How to Use LlamaIndex to Build RAG Apps

If you’ve started exploring Retrieval-Augmented Generation (RAG), you might have noticed that getting a language model to answer questions using your own data is trickier than just calling an API. That’s where LlamaIndex comes in to build RAG apps. It gives you a simple way to connect language models with your data, so you don’t have to build everything yourself.

In this article, I’ll show you how to build a simple RAG app that runs entirely on your own computer using LlamaIndex and Python, with no paid APIs needed. By the end, you’ll see how data ingestion, indexing, retrieval, and response generation all work together in practice.

Why LlamaIndex?

At a high level, a RAG system works in four stages:

  1. Data Ingestion: Load your documents (PDFs, text, etc.).
  2. Indexing: Convert text into embeddings and store them.
  3. Retrieval: Find the most relevant chunks for a query.
  4. Generation: Use an LLM to generate a final answer.

LlamaIndex connects all these parts. It takes care of chunking, embedding, and retrieval, so you can focus on building your app’s main features.

If you want to go beyond basic RAG setups and build real-world AI systems like this, I’ve covered it step-by-step in my book: Hands-On GenAI, LLMs & AI Agents.
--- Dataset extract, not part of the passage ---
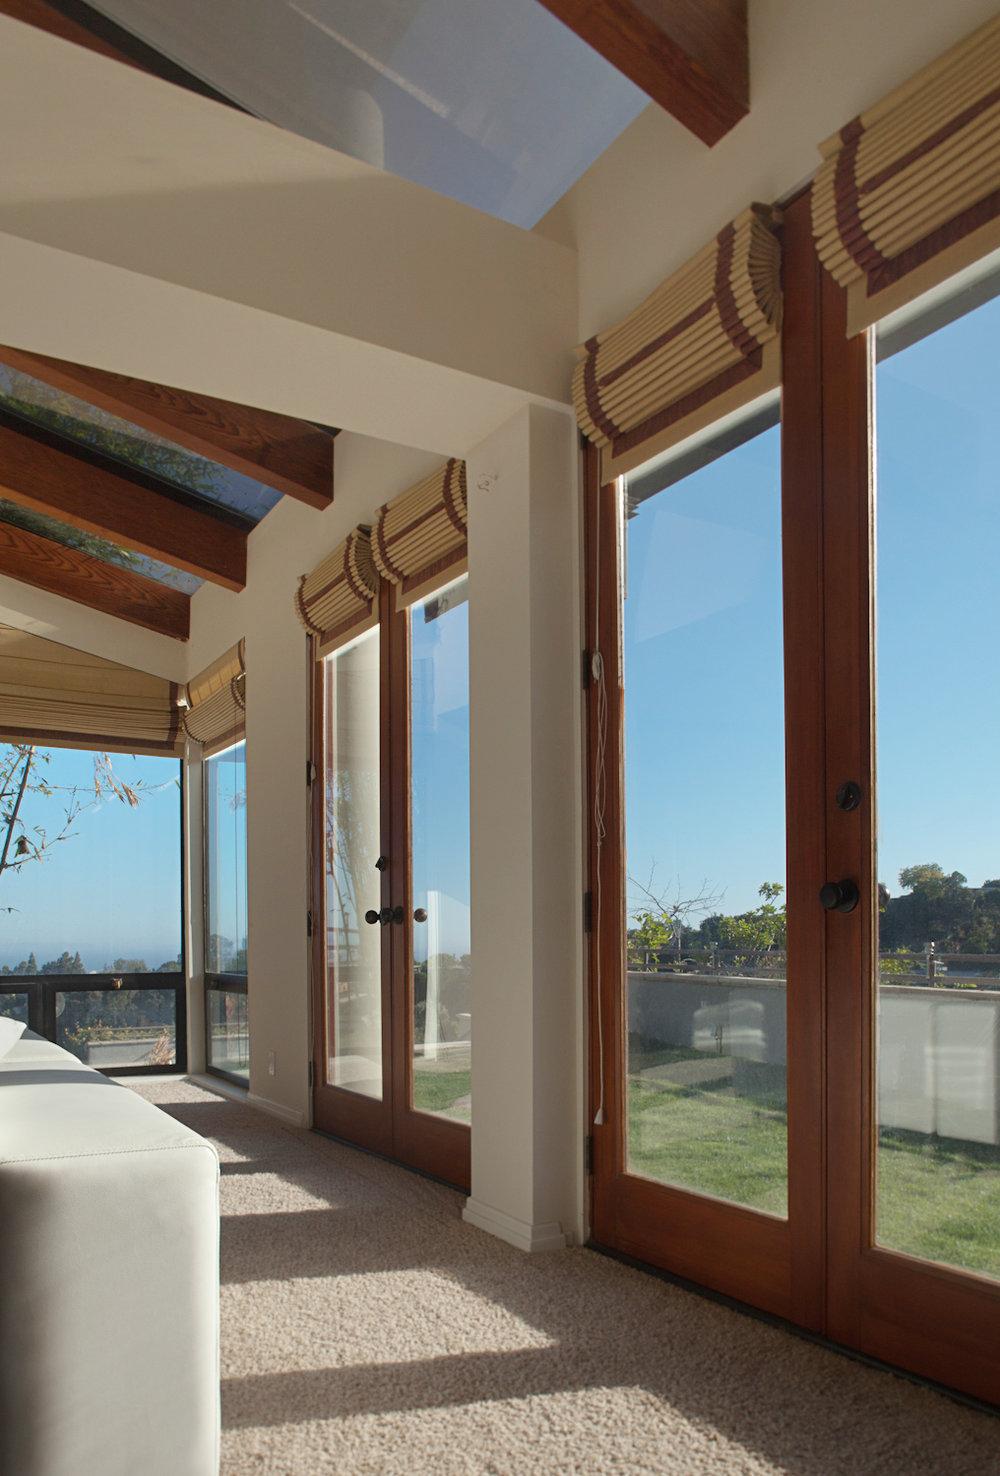 01_Architecture-real-estate-photographer-f1136919015b.jpg

LlamaIndex for Building RAG apps: Getting Started

We’ll use only open-source tools:

  1. LlamaIndex
  2. Sentence Transformers (for embeddings)
  3. A local LLM (like Ollama or HuggingFace models)

Start by installing these dependencies:

pip install llama-index
pip install llama-index-llms-ollama
pip install llama-index-embeddings-huggingface
pip install sentence-transformers

Next, install Ollama. Once it’s installed, pull llama 3:

ollama pull llama3

Step 1: Load Your Data

Let’s assume you have a folder called data/ with text files:

from llama_index.core import SimpleDirectoryReader

# Load documents from a directory
documents = SimpleDirectoryReader("data").load_data()

print(f"Loaded {len(documents)} documents")

LlamaIndex reads all the files in your folder and turns them into a standard document format. These documents are then ready for indexing.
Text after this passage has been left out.